TASK DETAILS: Given the records below, would you repeat exactly the lines that begin at the one containing "Quantum Storage Single" and end at the one containing "Nichols Firefighters Matthew", inclusive?

THE RECORDS:
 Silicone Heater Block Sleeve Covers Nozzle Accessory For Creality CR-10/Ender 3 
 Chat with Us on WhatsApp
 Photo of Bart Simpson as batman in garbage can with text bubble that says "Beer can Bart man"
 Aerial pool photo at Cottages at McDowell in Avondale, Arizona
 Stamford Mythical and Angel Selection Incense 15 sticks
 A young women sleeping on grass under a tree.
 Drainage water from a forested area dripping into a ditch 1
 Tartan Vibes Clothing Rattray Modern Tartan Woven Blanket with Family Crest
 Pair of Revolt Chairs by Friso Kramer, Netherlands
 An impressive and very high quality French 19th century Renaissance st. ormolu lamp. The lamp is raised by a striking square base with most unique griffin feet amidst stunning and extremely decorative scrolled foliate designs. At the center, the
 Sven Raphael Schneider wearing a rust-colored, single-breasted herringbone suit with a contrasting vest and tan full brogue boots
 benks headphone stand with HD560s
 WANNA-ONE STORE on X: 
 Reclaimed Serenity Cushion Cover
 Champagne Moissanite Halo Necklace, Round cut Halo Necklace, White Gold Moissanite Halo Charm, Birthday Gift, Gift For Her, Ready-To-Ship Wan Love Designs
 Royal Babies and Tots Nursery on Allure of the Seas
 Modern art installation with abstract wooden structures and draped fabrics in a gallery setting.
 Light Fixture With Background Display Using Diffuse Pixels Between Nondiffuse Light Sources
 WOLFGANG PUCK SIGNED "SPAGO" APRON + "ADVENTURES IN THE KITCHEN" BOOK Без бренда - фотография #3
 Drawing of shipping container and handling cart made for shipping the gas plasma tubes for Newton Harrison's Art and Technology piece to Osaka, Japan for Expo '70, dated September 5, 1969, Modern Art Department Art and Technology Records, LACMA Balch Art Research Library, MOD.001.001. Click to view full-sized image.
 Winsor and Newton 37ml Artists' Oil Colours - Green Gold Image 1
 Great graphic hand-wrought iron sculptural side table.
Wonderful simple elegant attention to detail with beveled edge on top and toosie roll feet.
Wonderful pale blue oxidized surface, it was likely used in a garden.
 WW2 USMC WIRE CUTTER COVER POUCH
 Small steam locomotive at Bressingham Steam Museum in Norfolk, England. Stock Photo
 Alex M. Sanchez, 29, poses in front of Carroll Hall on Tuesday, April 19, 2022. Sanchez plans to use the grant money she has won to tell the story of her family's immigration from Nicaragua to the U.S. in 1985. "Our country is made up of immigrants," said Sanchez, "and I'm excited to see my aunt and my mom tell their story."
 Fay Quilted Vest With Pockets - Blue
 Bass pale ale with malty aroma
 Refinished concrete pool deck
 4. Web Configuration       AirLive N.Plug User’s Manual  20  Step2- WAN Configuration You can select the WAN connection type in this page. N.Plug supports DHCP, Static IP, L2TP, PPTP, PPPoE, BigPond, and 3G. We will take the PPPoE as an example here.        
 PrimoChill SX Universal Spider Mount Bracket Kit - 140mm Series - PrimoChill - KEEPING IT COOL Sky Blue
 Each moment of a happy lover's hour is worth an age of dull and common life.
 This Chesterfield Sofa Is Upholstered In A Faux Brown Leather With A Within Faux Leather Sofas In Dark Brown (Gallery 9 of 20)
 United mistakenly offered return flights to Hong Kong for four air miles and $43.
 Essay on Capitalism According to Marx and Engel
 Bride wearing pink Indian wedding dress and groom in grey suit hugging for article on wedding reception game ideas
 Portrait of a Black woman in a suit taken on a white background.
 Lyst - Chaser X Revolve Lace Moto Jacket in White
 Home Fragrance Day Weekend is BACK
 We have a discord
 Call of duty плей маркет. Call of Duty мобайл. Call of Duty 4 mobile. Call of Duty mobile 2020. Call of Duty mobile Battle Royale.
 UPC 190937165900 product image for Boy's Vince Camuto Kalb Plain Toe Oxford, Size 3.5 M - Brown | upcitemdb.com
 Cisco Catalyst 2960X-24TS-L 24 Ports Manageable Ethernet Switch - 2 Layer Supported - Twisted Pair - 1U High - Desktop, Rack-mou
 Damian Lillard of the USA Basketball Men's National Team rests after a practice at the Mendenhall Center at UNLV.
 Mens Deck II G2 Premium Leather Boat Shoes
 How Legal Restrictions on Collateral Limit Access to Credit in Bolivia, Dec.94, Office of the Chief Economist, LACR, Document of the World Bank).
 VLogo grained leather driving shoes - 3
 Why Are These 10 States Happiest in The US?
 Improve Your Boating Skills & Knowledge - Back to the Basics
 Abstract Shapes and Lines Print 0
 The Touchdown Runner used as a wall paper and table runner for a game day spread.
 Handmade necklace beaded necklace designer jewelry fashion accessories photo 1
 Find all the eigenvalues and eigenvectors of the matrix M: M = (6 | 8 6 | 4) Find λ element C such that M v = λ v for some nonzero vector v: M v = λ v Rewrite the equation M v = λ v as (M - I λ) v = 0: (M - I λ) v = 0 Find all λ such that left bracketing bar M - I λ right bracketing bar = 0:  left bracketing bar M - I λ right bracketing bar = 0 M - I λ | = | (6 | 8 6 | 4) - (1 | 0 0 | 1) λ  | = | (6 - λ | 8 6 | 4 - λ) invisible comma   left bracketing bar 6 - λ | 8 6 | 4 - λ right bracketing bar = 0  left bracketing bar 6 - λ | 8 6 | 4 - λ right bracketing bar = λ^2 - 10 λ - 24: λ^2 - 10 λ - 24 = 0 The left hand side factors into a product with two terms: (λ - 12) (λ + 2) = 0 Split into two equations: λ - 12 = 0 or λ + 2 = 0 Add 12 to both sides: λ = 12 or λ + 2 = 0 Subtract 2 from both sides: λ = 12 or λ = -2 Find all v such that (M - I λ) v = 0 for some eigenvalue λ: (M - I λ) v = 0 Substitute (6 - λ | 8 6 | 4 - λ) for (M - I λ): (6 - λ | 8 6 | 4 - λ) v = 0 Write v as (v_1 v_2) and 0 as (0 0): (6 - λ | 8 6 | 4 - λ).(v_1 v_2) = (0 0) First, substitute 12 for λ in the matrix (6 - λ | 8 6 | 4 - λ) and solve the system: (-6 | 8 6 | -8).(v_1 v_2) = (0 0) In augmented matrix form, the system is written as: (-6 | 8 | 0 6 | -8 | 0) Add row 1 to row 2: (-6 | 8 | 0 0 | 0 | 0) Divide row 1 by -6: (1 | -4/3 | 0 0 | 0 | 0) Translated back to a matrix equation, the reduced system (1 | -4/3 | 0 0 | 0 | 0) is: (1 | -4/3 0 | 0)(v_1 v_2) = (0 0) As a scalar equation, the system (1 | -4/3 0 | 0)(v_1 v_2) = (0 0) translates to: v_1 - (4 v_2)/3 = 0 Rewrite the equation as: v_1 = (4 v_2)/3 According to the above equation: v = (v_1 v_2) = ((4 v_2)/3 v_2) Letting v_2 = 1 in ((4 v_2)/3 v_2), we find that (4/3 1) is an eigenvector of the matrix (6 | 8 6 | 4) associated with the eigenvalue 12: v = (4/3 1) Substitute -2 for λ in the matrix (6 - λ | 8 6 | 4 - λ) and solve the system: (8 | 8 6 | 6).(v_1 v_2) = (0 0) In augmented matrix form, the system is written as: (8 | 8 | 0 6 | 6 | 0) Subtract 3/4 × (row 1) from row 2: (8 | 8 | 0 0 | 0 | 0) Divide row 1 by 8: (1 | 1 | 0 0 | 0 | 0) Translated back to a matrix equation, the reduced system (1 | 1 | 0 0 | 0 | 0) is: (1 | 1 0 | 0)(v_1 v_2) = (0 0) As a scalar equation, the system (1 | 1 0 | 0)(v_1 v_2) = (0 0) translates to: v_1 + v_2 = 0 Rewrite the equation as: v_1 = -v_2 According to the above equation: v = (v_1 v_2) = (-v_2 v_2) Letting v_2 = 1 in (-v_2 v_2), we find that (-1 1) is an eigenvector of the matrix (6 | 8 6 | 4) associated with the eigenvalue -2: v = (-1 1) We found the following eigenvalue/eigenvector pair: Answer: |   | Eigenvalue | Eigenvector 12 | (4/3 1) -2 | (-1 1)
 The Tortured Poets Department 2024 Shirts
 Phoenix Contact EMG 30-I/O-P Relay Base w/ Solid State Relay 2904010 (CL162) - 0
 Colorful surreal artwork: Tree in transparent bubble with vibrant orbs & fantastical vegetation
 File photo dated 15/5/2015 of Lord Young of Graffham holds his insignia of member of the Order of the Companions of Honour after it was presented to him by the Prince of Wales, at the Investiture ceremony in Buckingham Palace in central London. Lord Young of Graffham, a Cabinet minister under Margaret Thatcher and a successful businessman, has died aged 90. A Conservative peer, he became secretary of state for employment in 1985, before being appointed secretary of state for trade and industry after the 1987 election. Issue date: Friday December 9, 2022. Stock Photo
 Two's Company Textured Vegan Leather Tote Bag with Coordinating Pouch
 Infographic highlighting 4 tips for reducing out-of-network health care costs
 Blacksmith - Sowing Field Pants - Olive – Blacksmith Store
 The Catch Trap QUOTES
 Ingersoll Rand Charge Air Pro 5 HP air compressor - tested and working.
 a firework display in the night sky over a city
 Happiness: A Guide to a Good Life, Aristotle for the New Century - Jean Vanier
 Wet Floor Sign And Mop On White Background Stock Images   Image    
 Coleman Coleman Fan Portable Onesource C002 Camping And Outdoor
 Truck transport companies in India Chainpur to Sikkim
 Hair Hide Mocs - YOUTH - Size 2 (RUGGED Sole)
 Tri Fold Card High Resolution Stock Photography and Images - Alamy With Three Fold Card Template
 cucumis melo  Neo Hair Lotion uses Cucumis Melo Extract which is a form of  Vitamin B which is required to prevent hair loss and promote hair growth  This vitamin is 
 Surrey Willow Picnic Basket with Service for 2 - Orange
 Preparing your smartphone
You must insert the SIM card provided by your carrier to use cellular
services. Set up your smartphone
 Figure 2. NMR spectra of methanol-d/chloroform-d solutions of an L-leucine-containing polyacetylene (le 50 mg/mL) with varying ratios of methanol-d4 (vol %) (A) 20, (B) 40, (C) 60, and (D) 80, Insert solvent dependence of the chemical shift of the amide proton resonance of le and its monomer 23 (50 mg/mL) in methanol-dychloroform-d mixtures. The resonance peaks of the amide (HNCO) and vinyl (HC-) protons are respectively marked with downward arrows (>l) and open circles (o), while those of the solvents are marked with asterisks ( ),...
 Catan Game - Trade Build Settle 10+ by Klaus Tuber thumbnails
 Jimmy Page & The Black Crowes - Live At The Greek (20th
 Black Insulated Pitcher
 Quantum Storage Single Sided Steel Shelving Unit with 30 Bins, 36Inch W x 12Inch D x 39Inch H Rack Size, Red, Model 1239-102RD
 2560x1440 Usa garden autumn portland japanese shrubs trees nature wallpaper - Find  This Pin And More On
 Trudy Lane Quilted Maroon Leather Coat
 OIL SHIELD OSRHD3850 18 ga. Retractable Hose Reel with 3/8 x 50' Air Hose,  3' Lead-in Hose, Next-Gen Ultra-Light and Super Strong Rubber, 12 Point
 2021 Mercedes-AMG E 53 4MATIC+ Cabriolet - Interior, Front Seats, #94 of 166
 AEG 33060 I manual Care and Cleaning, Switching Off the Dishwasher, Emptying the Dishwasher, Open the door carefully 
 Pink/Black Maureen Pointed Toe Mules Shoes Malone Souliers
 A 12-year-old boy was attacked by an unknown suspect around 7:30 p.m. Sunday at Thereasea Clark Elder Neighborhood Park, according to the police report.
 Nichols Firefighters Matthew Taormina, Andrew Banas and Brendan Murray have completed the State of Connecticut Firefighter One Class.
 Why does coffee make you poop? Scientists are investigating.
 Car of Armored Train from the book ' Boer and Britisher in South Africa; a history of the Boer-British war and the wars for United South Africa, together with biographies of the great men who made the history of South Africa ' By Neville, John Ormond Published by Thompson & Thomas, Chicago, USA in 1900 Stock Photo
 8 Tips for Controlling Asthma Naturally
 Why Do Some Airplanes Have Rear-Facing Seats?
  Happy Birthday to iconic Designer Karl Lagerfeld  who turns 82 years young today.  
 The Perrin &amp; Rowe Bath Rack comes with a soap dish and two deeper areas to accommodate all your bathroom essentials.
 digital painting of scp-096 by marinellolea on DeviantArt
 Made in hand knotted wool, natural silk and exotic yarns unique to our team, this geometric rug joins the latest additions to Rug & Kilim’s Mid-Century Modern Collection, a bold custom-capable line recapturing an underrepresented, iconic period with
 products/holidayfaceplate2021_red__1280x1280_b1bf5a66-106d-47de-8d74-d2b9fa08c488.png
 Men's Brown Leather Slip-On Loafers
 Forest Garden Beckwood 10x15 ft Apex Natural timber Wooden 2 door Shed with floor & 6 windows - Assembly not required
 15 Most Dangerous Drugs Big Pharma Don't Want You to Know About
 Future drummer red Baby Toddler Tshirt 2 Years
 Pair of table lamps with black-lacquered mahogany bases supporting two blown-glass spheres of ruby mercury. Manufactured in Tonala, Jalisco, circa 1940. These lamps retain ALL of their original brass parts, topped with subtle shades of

WRITTEN ANSWER:
 Quantum Storage Single Sided Steel Shelving Unit with 30 Bins, 36Inch W x 12Inch D x 39Inch H Rack Size, Red, Model 1239-102RD
 2560x1440 Usa garden autumn portland japanese shrubs trees nature wallpaper - Find  This Pin And More On
 Trudy Lane Quilted Maroon Leather Coat
 OIL SHIELD OSRHD3850 18 ga. Retractable Hose Reel with 3/8 x 50' Air Hose,  3' Lead-in Hose, Next-Gen Ultra-Light and Super Strong Rubber, 12 Point
 2021 Mercedes-AMG E 53 4MATIC+ Cabriolet - Interior, Front Seats, #94 of 166
 AEG 33060 I manual Care and Cleaning, Switching Off the Dishwasher, Emptying the Dishwasher, Open the door carefully 
 Pink/Black Maureen Pointed Toe Mules Shoes Malone Souliers
 A 12-year-old boy was attacked by an unknown suspect around 7:30 p.m. Sunday at Thereasea Clark Elder Neighborhood Park, according to the police report.
 Nichols Firefighters Matthew Taormina, Andrew Banas and Brendan Murray have completed the State of Connecticut Firefighter One Class.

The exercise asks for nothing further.